谢袅收回手,笑嘻嘻问袁慎:“你偏重口吗?鱼汤好了,小苏要放盐了。”
“不应该是在锅里放好佐料再盛出吗,怎地盛好了才放?”
“这样吗?”谢袅摸了摸耳垂,“可我们都已经吃惯了,各人有各人的口味。小苏做鱼的手艺一绝,要不是他今日钓到了鱼,你还没有这口福呢。你说呀,你什么口味的?”
袁慎脸略黑:“袁某偏酸口。”
谢袅点头表示知道了,回头喊道:“他爱吃酸,你给他多加些醋。”
“颜忠此人还是有些才干的,不然当初陛下也不会提拔他了。
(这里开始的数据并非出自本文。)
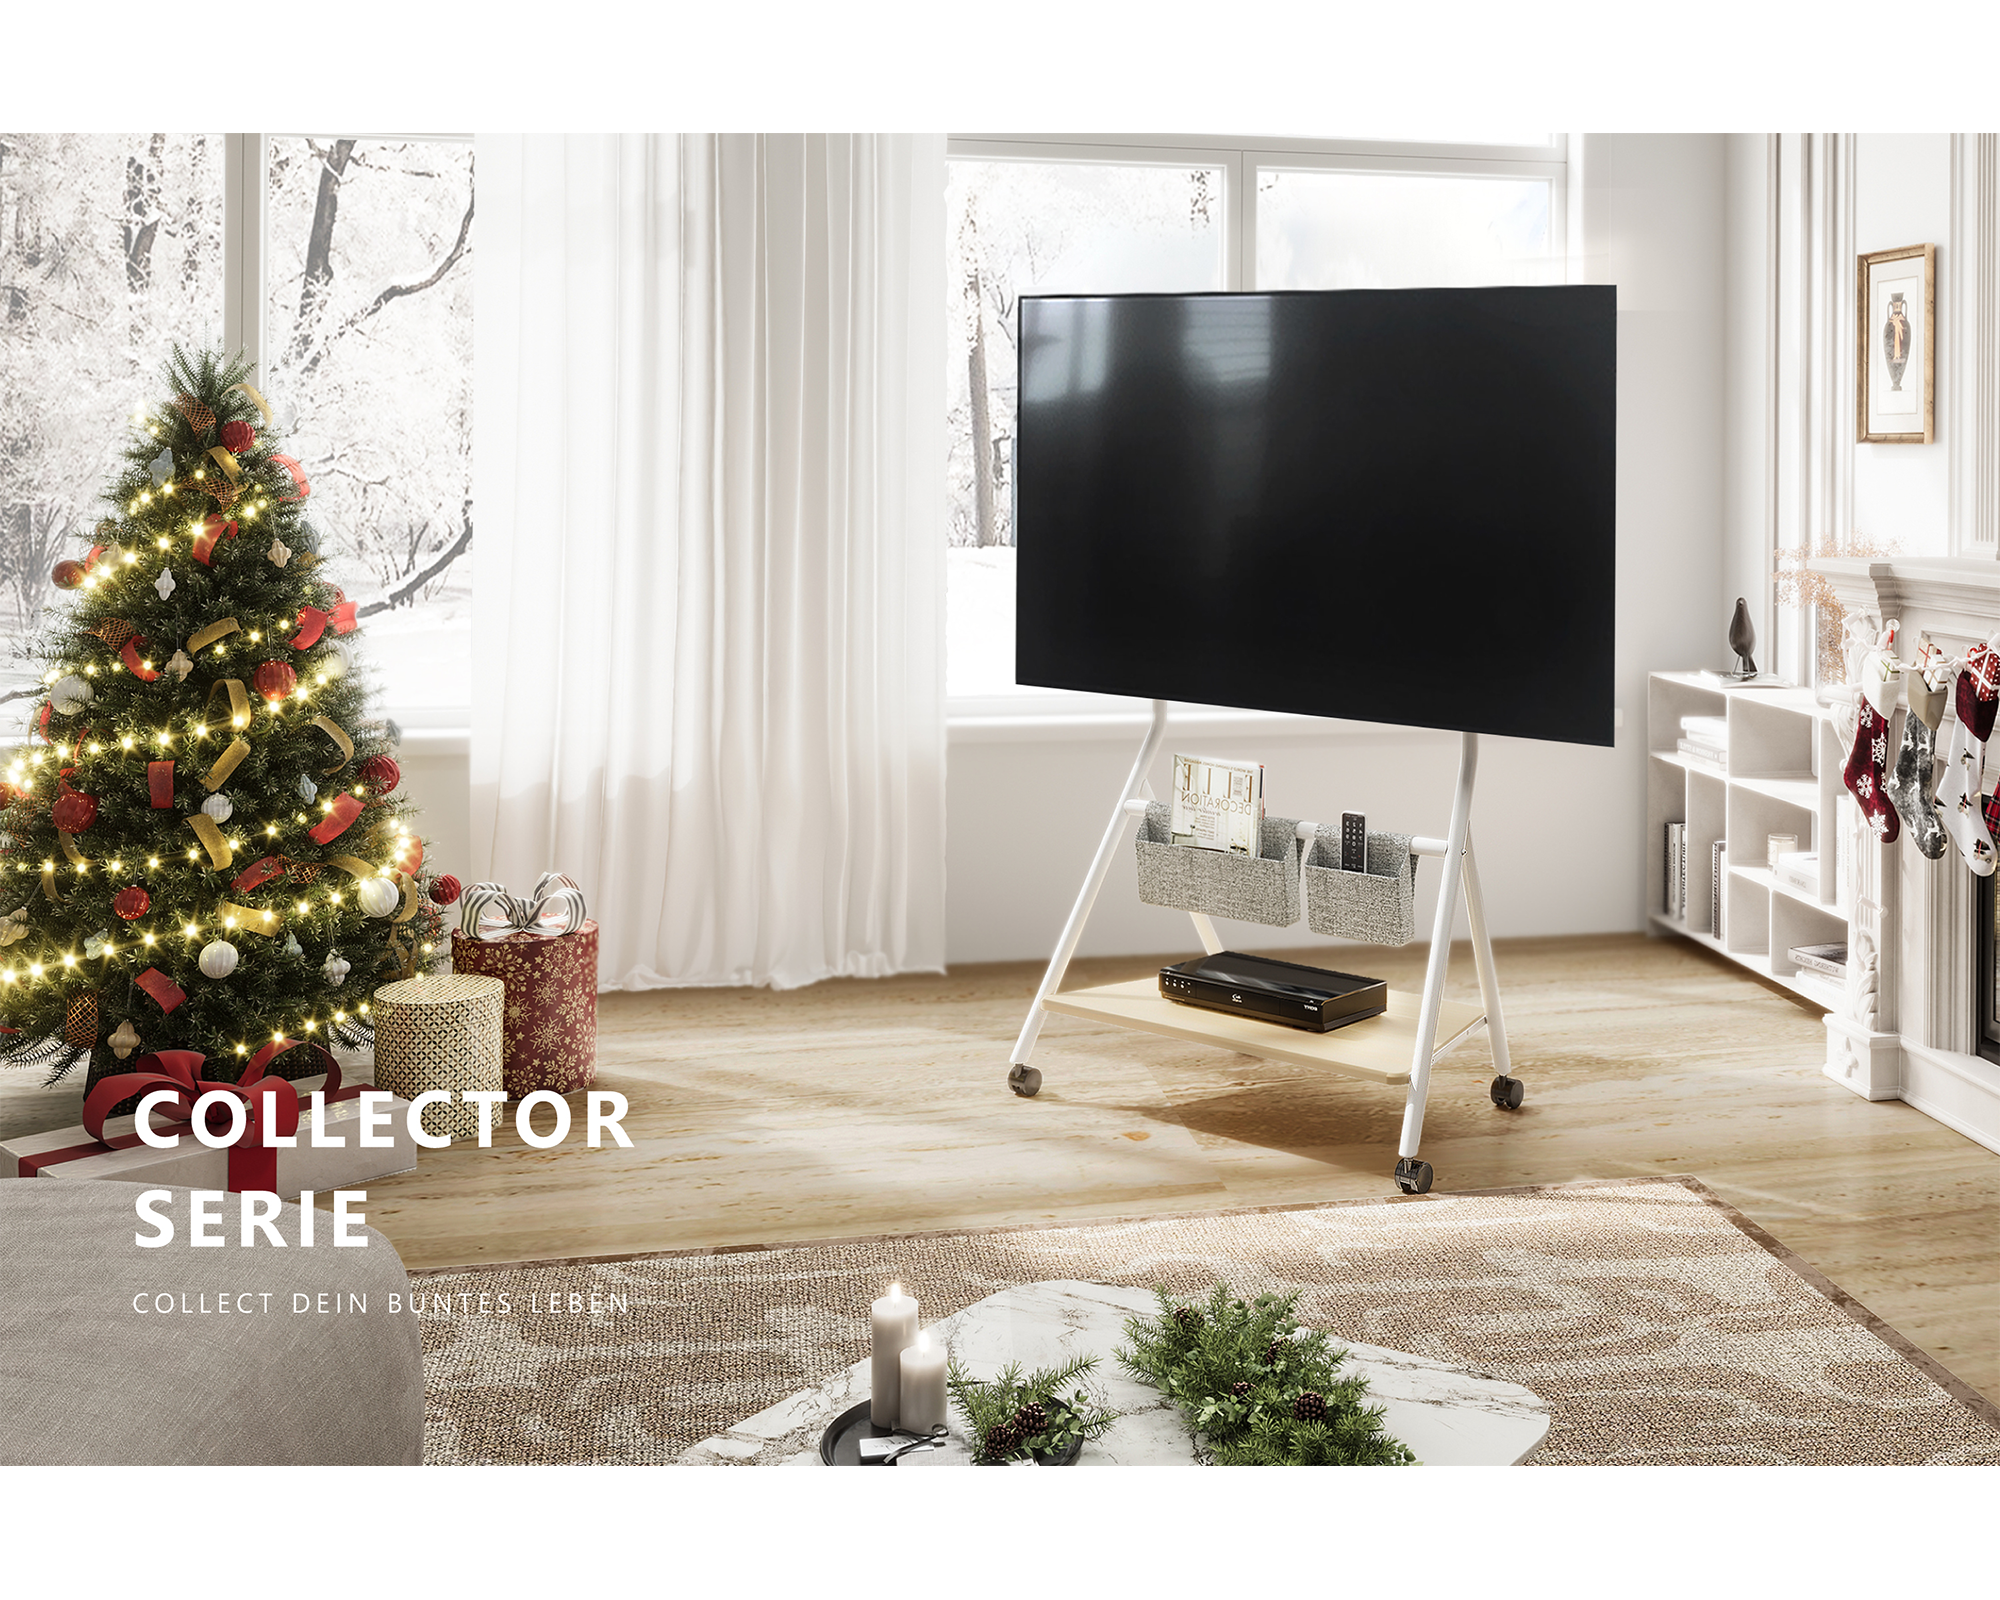 Vloer TV-standaard Collector-serie voor 55-78 inch

”苏昌离将加好料的鱼汤端来,谢袅捧碗吹了吹热气,袁慎还在说着,“铜牛县有一处富铜矿,并设有一处极大的炼铜场。为了筹备寿春之战,朝廷今年一整年都没向铜牛县征铜了,打算到时就地调取。我粗粗算了下,县内少说也累积了两千斤精铜。”
谢袅抿了口鱼汤,美滋滋眯眼,顺着他话往下附和:“你是说颜县令贪图这些精铜?他干嘛要精铜啊,要贪就贪黄金啊……”
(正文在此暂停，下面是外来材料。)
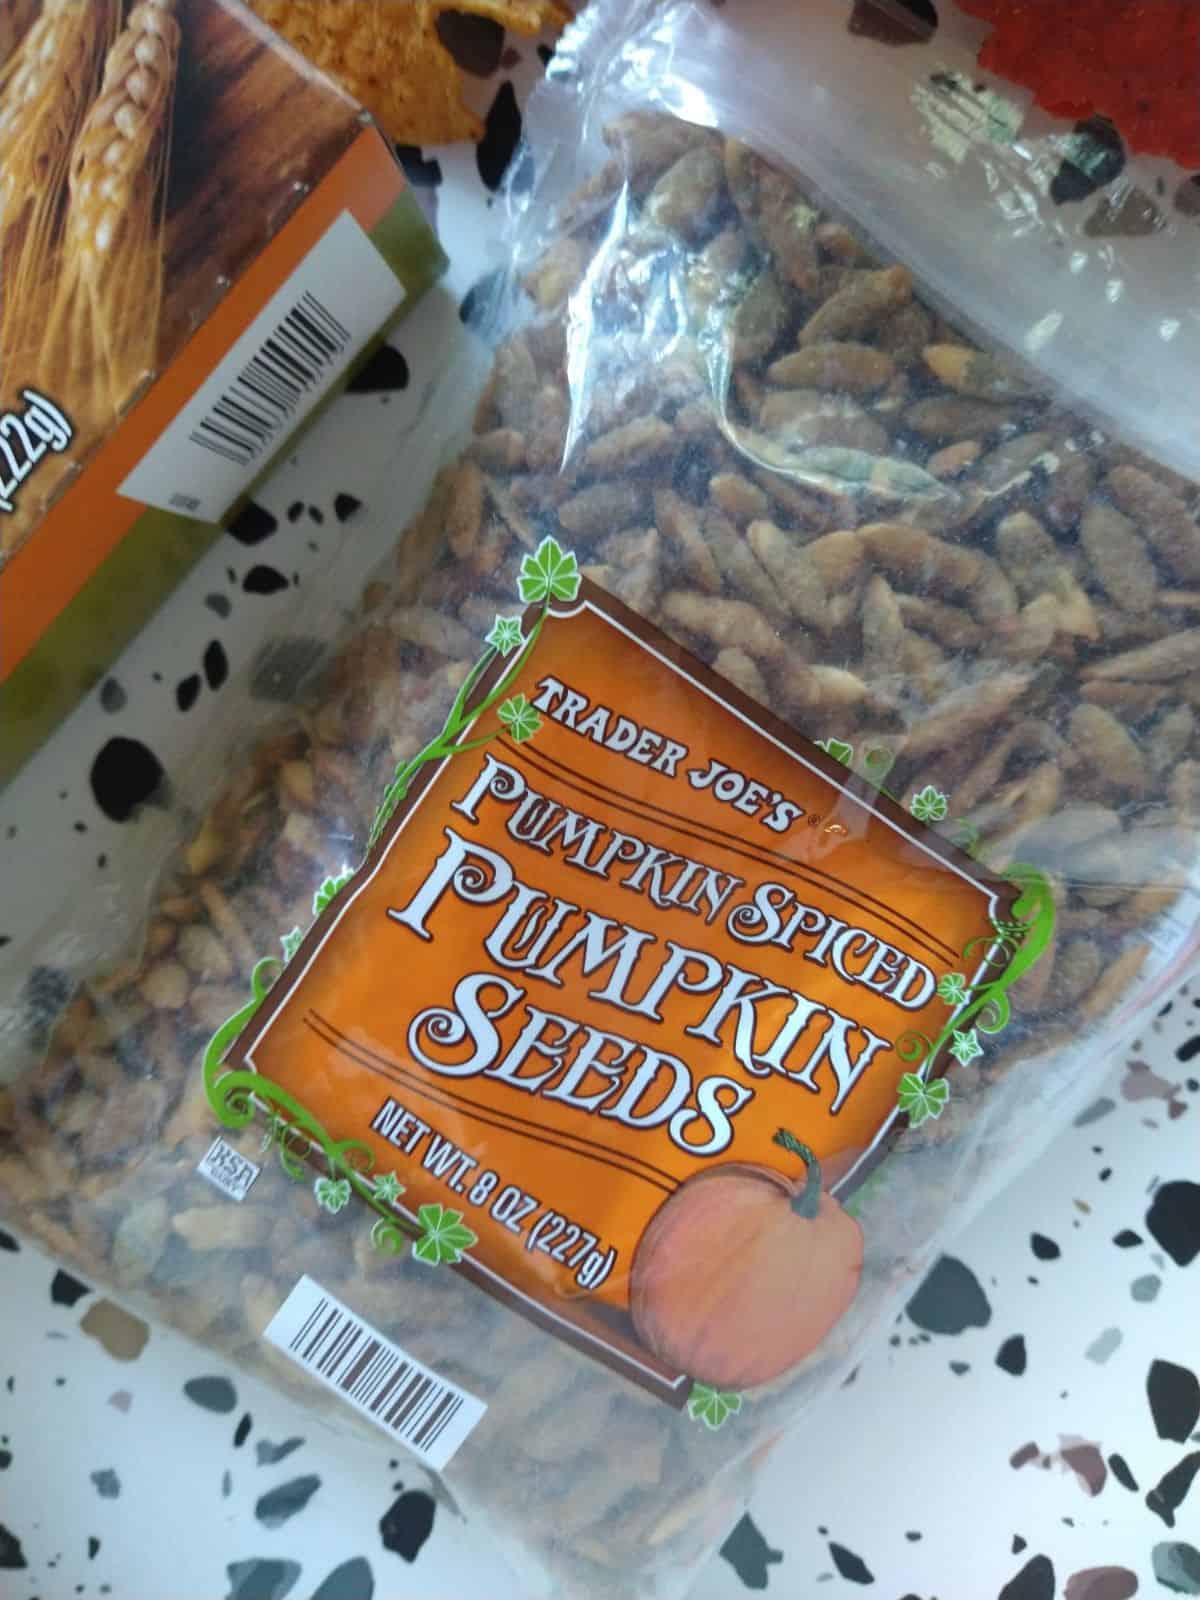 A close up of a clear bag of Trader Joe's Pumpkin Spiced Pumpkin Seeds.

“那些精铜是已经调制好的成品,只消铜水一倒,立时就是无数钱币。”袁慎端着碗凑近嗅了嗅,试探性喝了口,发现酸味不重,恰到好处,他瞥了眼又去处理烤鱼的苏昌离,“奏报上说,颜忠数日前押着那两千斤精铜及妻儿已逃之夭夭了,临走前还假作投降,顺手就将那座易守难攻的铜牛县送给了彭真,他自己却不知去向了。哼哼,彭逆也叫他摆了一道。”
“那他去哪儿了?”谢袅眼神又开始往烤鱼上飘。
“听说那颜忠正是往蜀地去了。便是陛下要征蜀,至少也还要数年筹备,到那时,颜忠早不知躲到哪里去了!”袁慎神色凝重,“他是寒族出身,也不怕牵连什么人。他若是更名换姓,到乡野去做一名富家翁,那真是人海茫茫,难以寻觅了。”
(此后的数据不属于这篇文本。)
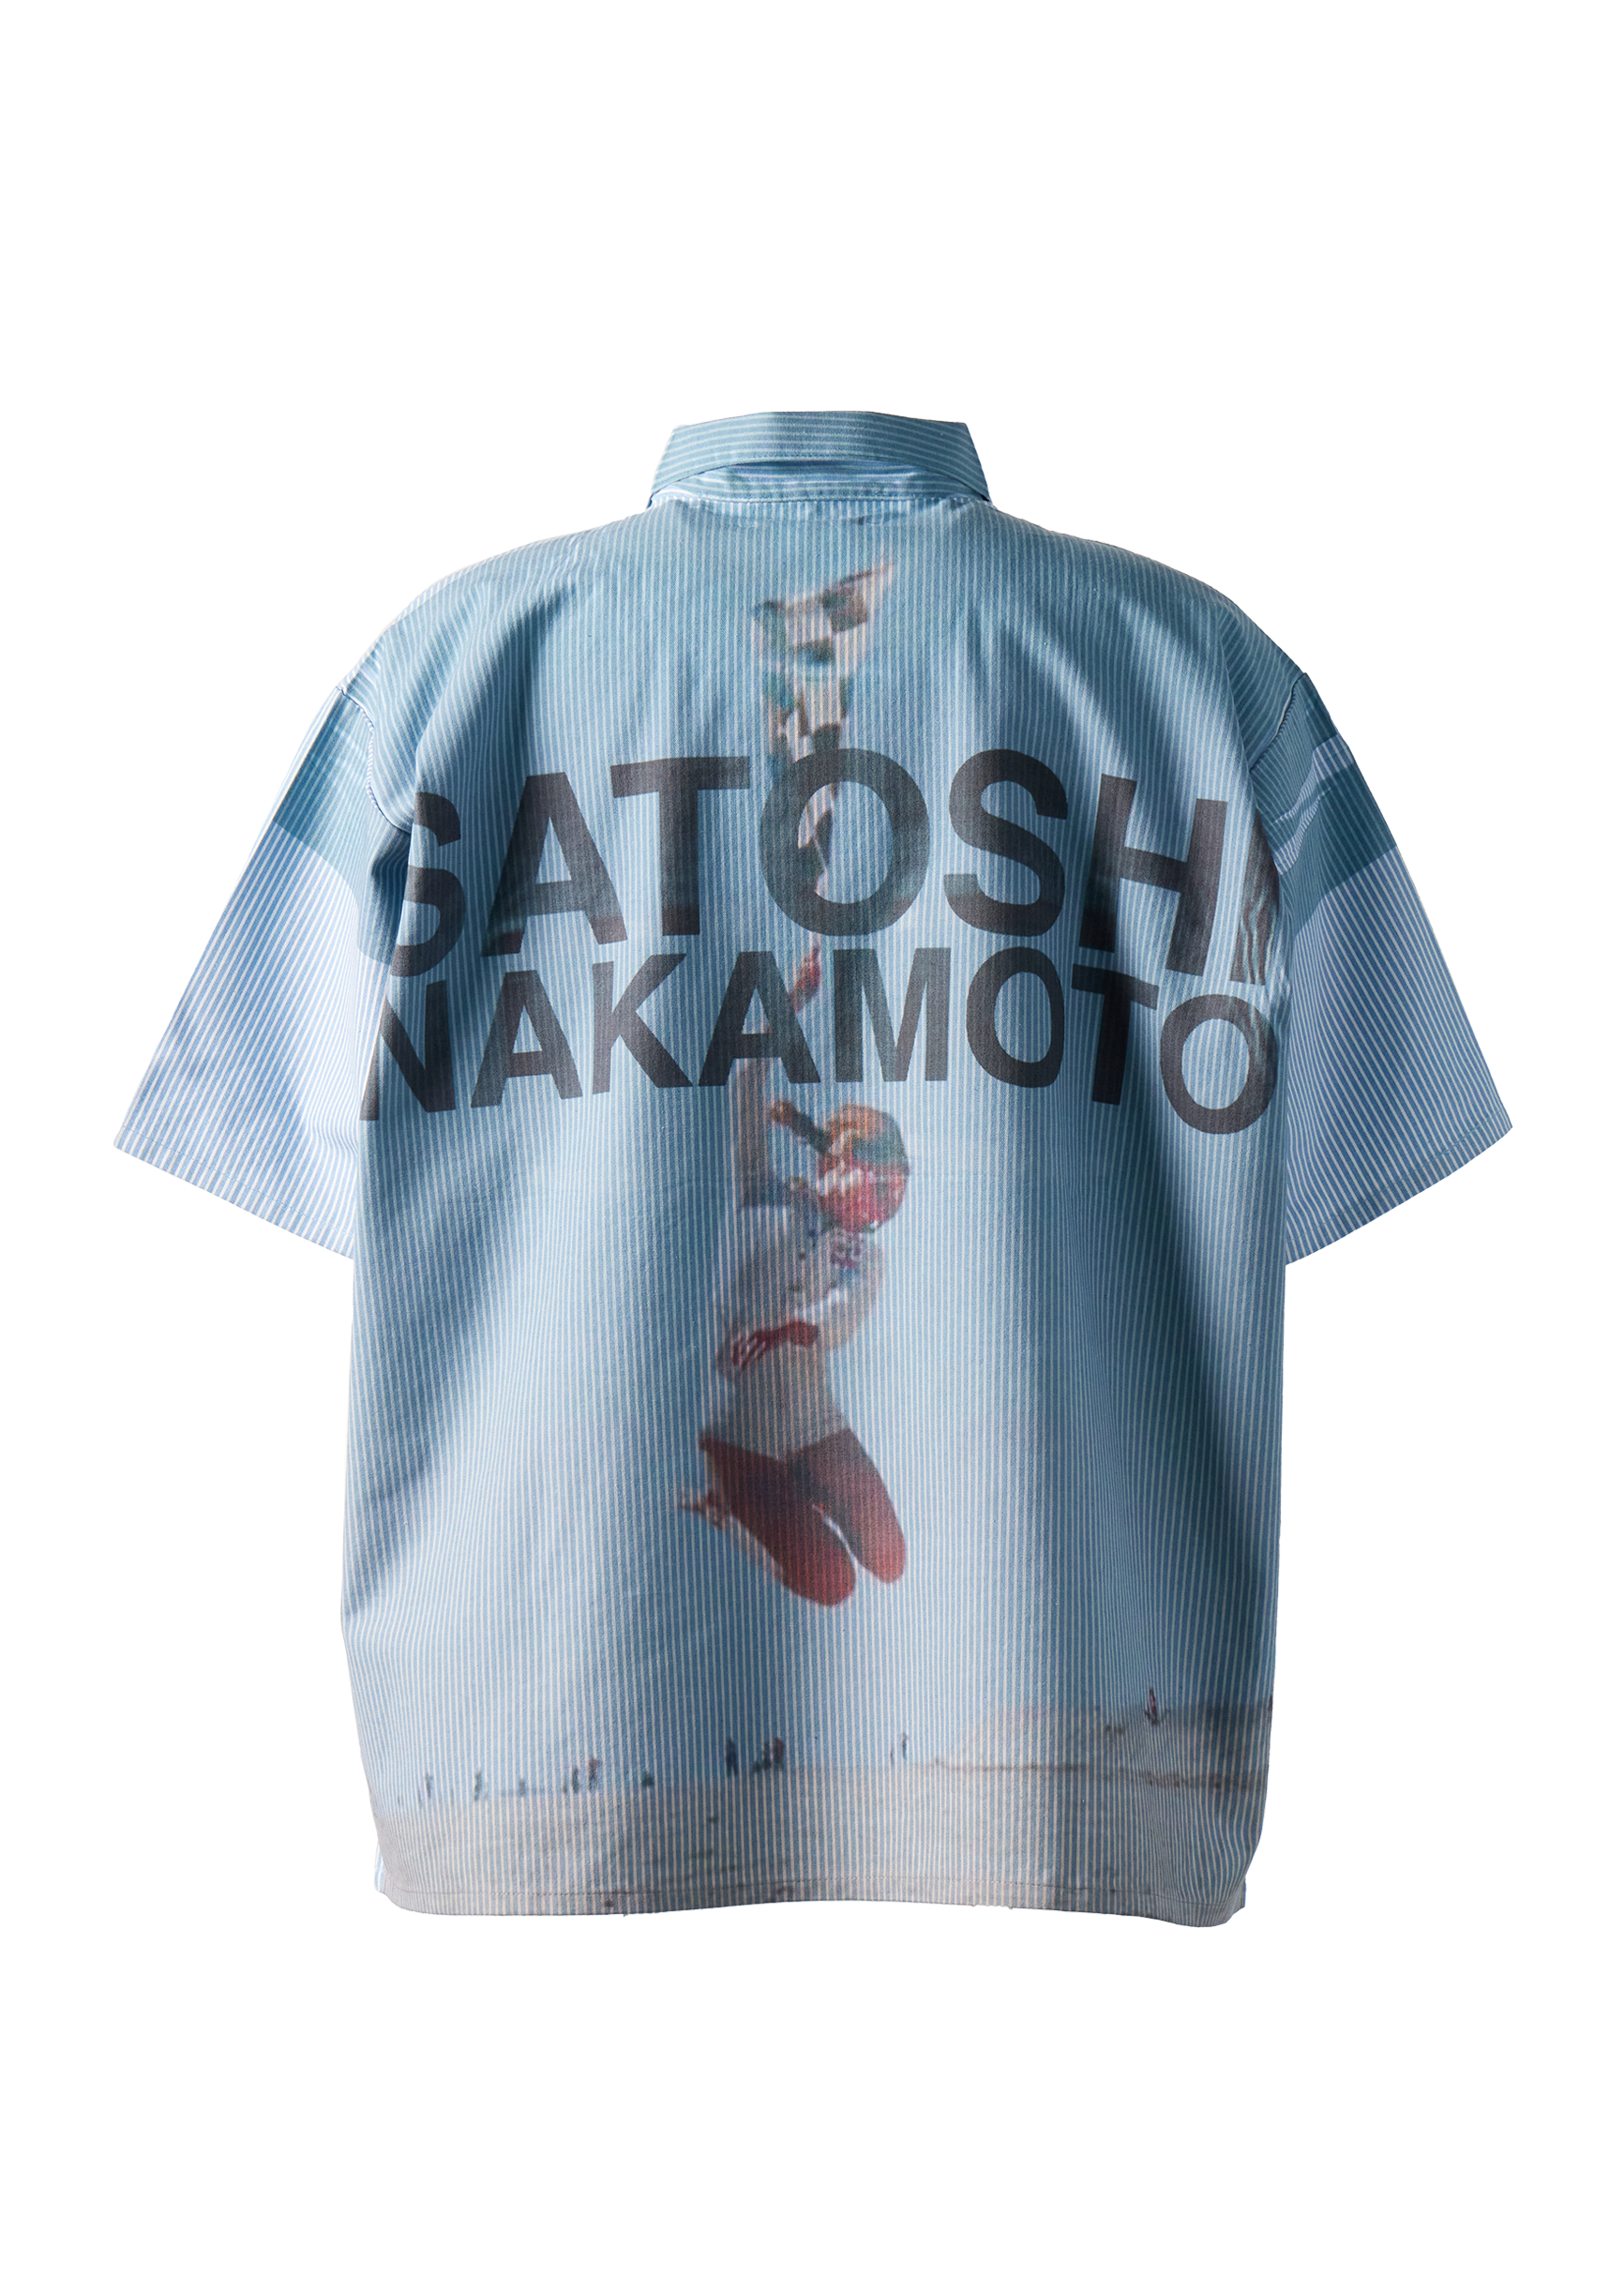 SATOSHI NAKAMOTO - Racer Workshirt product image

谢袅闻言居然生出几分诡异的感动来,这路子也正是慕婴所设想的:“好一招狡兔三窟,曲折反复啊!”感动完,她走向苏昌离,悄悄做了个手势。
苏昌离拾起三根木棍添火,谢袅面色一变。
从袁慎这儿知道了些现下时局,夜间,谢袅关上门和苏昌离对账:“我们可是把虎符夺了过来送过去解了他们的燃眉之急,结果只给这个数,好歹也该这个数嘛!”她先是伸出三根手指,接着五指摊开,扒拉着新上的两根手指长吁短叹。
苏昌离打磨着匕首:“我出示虎符的时候,那凌将军脸色可算不得好看。”
“能好看吗?他面上跟太子一队,实际啊,是跟三皇子一心。”谢袅撇嘴拍了拍那三根手指。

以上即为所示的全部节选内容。